The present work gives a foretaste of the immense material open to researchers of Magyar history and which, until now, is only a tabula rasa in the consciousness of western scholars. I am following the outlines given by Professor Littleton concerning the Sarmatian-Iazyg line and the insights given by Professor Geoffrey Ashe into the mythological material of this and previous eras, with special emphasis on the surfacing linguistic and cultural data.

Although strong efforts have been made to separate the cultural links between the British Isles and the Carpathian Basin, under the appropriate headings, such separation at times becomes artificial and I was compelled to allow for a reasonable overlap.

With respect to historical names, it has been decided, after considerable pondering, to use the original names of historical figures, writers, etc. not only out of deference to them but also because they sometimes helped to advance the subject matter. The common English usage follows the original name in brackets i.e. Plinius (Pliny), Ptolemaios (Ptolemy), etc. In this class of explanations belongs the Hun King’s name, which I spell Atilla, according to Magyar heritage. The name spelled with the double “tt” corresponds to the Indo-Germanic mode of speech and lacks meaning and a historical background.

I also have to clarify the frequently mentioned _reciprocity_ of words. In the most ancient layer of monosyllabic words we find that several
possibilities of expression are open through the use of reciprocity, the trading of positions of consonants. This may also hold true in the case
of the first syllable of a multi-syllabic word.

This process:

1. may change the mood, quality or substance of the word.

2. may express the connection and interchangeability of the masculine/feminine aspects of creation as in “_kupa_” and “_bak_” (_cup_ and _buck_) and, through this, the interchangeability of energy and matter, since the free flow of energy was considered a masculine characteristic and the properties of matter – such as memory, a stationary state, the capacity to enfold and contain – a feminine concept.

Such reciprocities are present in the English language also, as in the case of _tub_ – _bat_, the former being a feminine, the latter a masculine concept. A change in quality: _tap_ – _pat,_ a change in substance or quality: _God – dog_

It is more impressive that this reciprocity exists between more than eighty Magyar and English words.[5]

I also have to employ several linguistic possibilities when explaining some phenomena in the names or other significant features of the Arthurian legends, which have not been codified in Indo-Germanic linguistics. Among them the rôle and meaning of individual sounds, both vowels and consonants, such as the feminine – masculine concept as expressed in the T-R word-group, through the use of vowels: the high vowels (Magyar “Á” and “É”) represent feminine concepts, like_ tár_ (_to open_), _tér_ (_enclosed place_). The deep sounds (Magyar “Ú”) stand for masculine concepts like _túr_ (_to dig_).

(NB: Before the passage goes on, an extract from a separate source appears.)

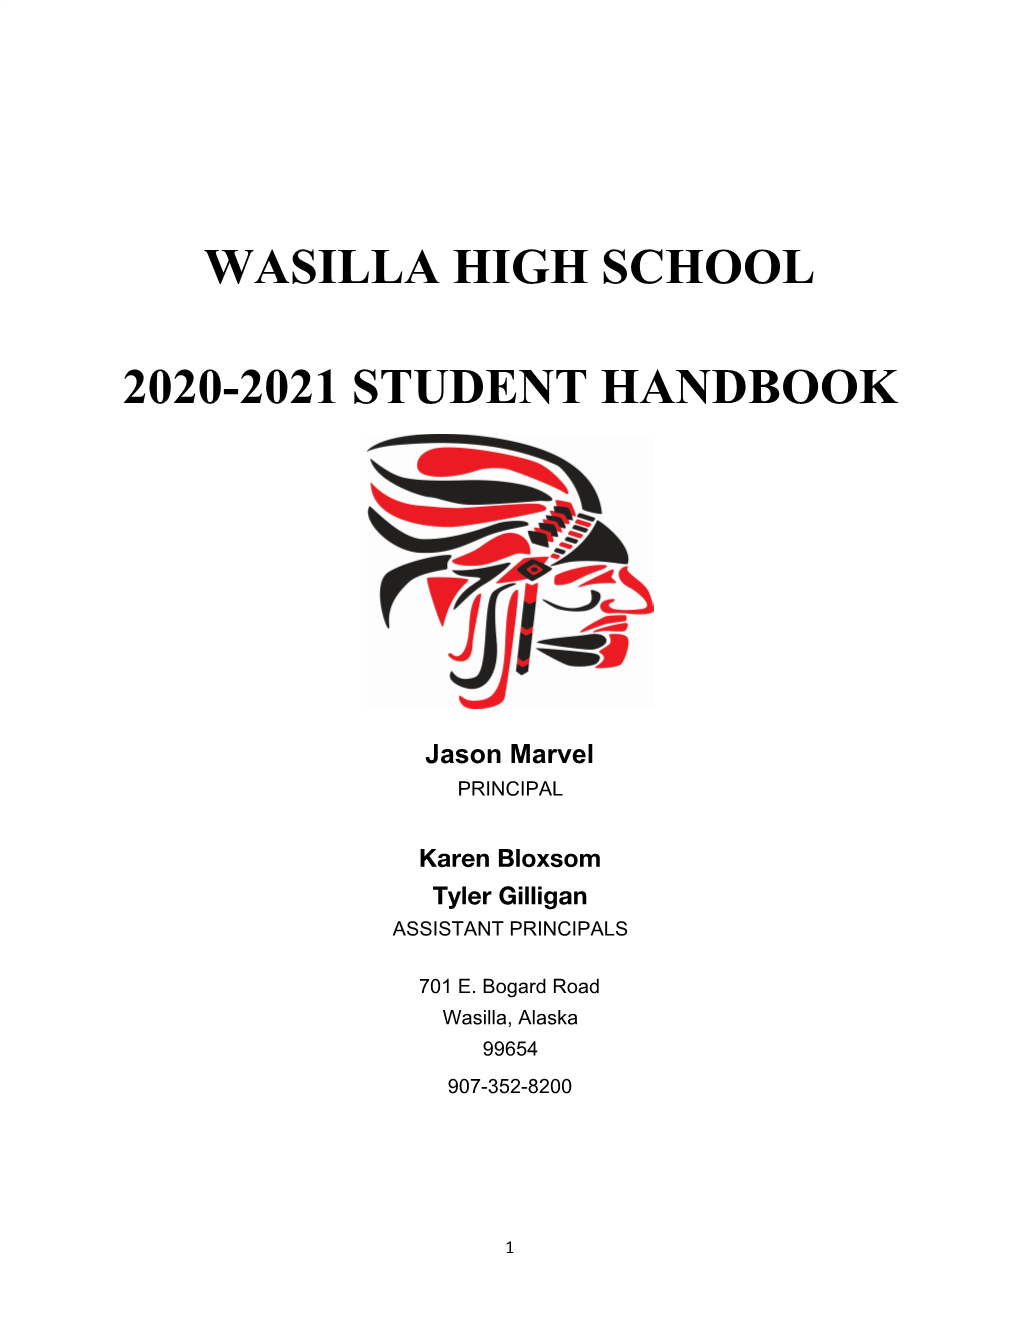 Wasilla High School 2020-2021 Student Handbook

The role of the ancient monosyllabic words which pertain to nature and their connection with objects of civilization or technology has to be emphasized, when looking for the origin of words: one must turn to the words of nature as a point of origin.

For these and several other unique features of the Magyar language please turn to this author’s _Szerves magyar nyelvtudomány_[6] (Organic Magyar Linguistics) and Adorján Magyar’s _Az Ősműveltség_ (The Ancient Culture).

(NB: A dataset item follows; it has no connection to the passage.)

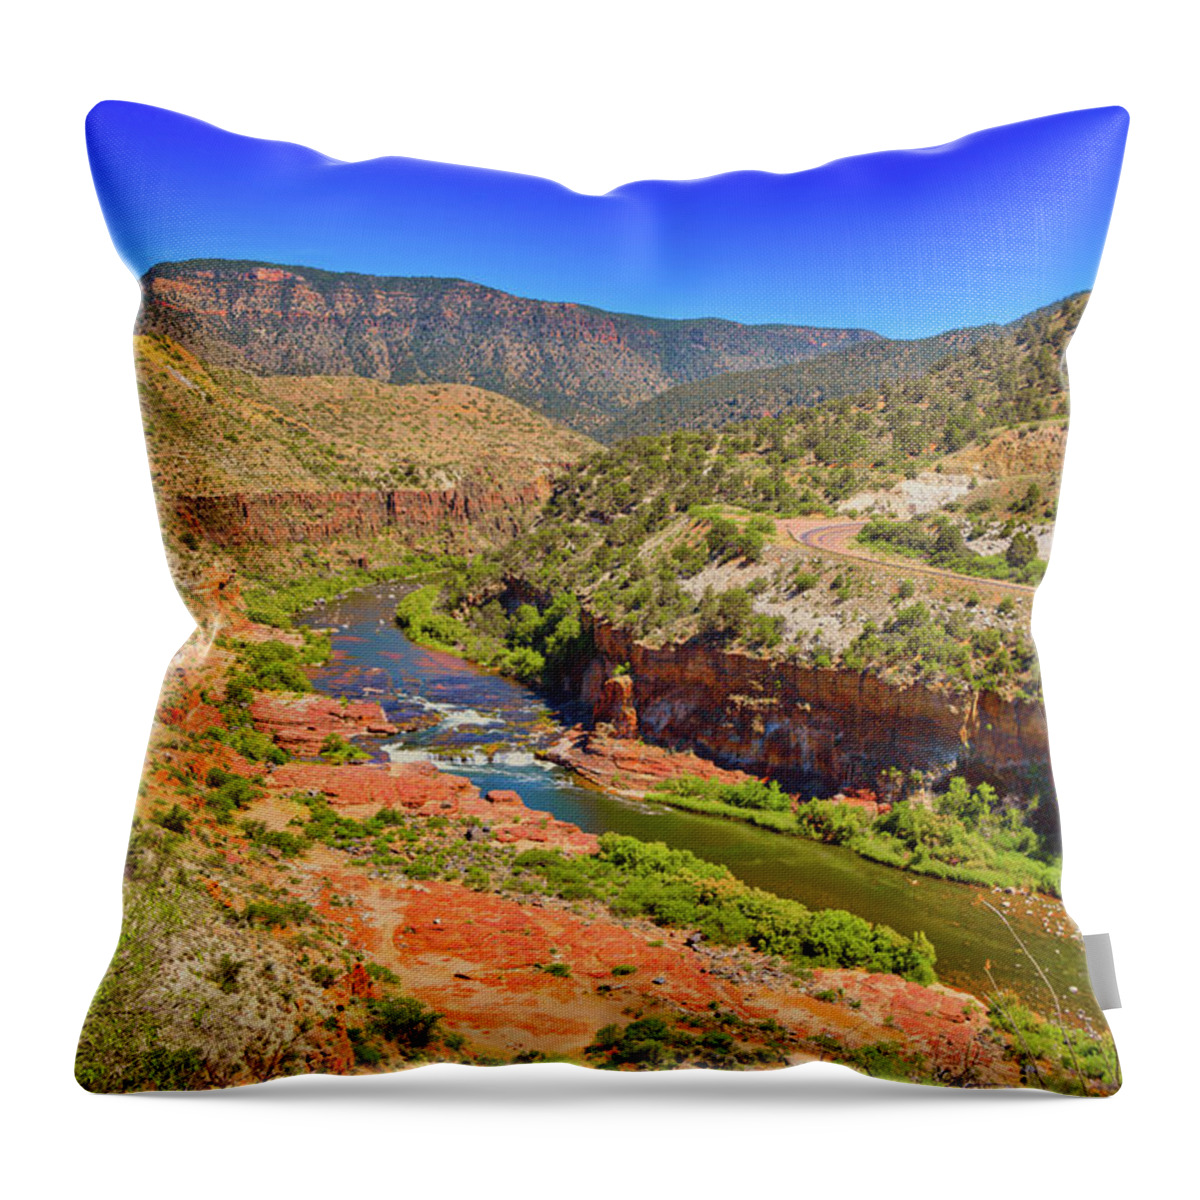 Arizona Throw Pillow featuring the photograph Salt River Canyon Rapids, Arizona by Chance Kafka

*CORRESPONDENCE WITH PROFESSOR GEOFFREY ASHE*

Geoffrey Ashe
Chalice Orchard
Well House Lane
Glastonbury
Somerset BA6 8 BJ
8th May 1998

Dear Mrs. Tomory,

Many thanks for sending me your booklet, which arrived while I was away in America. Your interest in my own work is much appreciated. I have far too little knowledge of etymology to be able to comment usefully. However, I have believed for a long time that elements from seldom-recognized sources may have found their way into the Arthurian Legend.

Yours sincerely
Geoffrey Ashe

*********************************************************************

*Excerpt from the comments of Professor Paul Maier
Professor of History at Western Michigan University'*

“This is a remarkable — and scholarly — study of Magyar cultural influences on Western Europe that — in the thesis of this author — were earlier and more extensive than had hitherto been imagined, affecting even Arthurian legends in England.”

*********************************************************************

*ACKNOWLEDGEMENTS*

I am grateful to Professor Meier, Professor of History at Western Michigan University who was kind enough to read the draft manuscript and provided me with many useful suggestions. His comments led me to include additional material in the Appendices that will help interested readers to better connect with the subject matter.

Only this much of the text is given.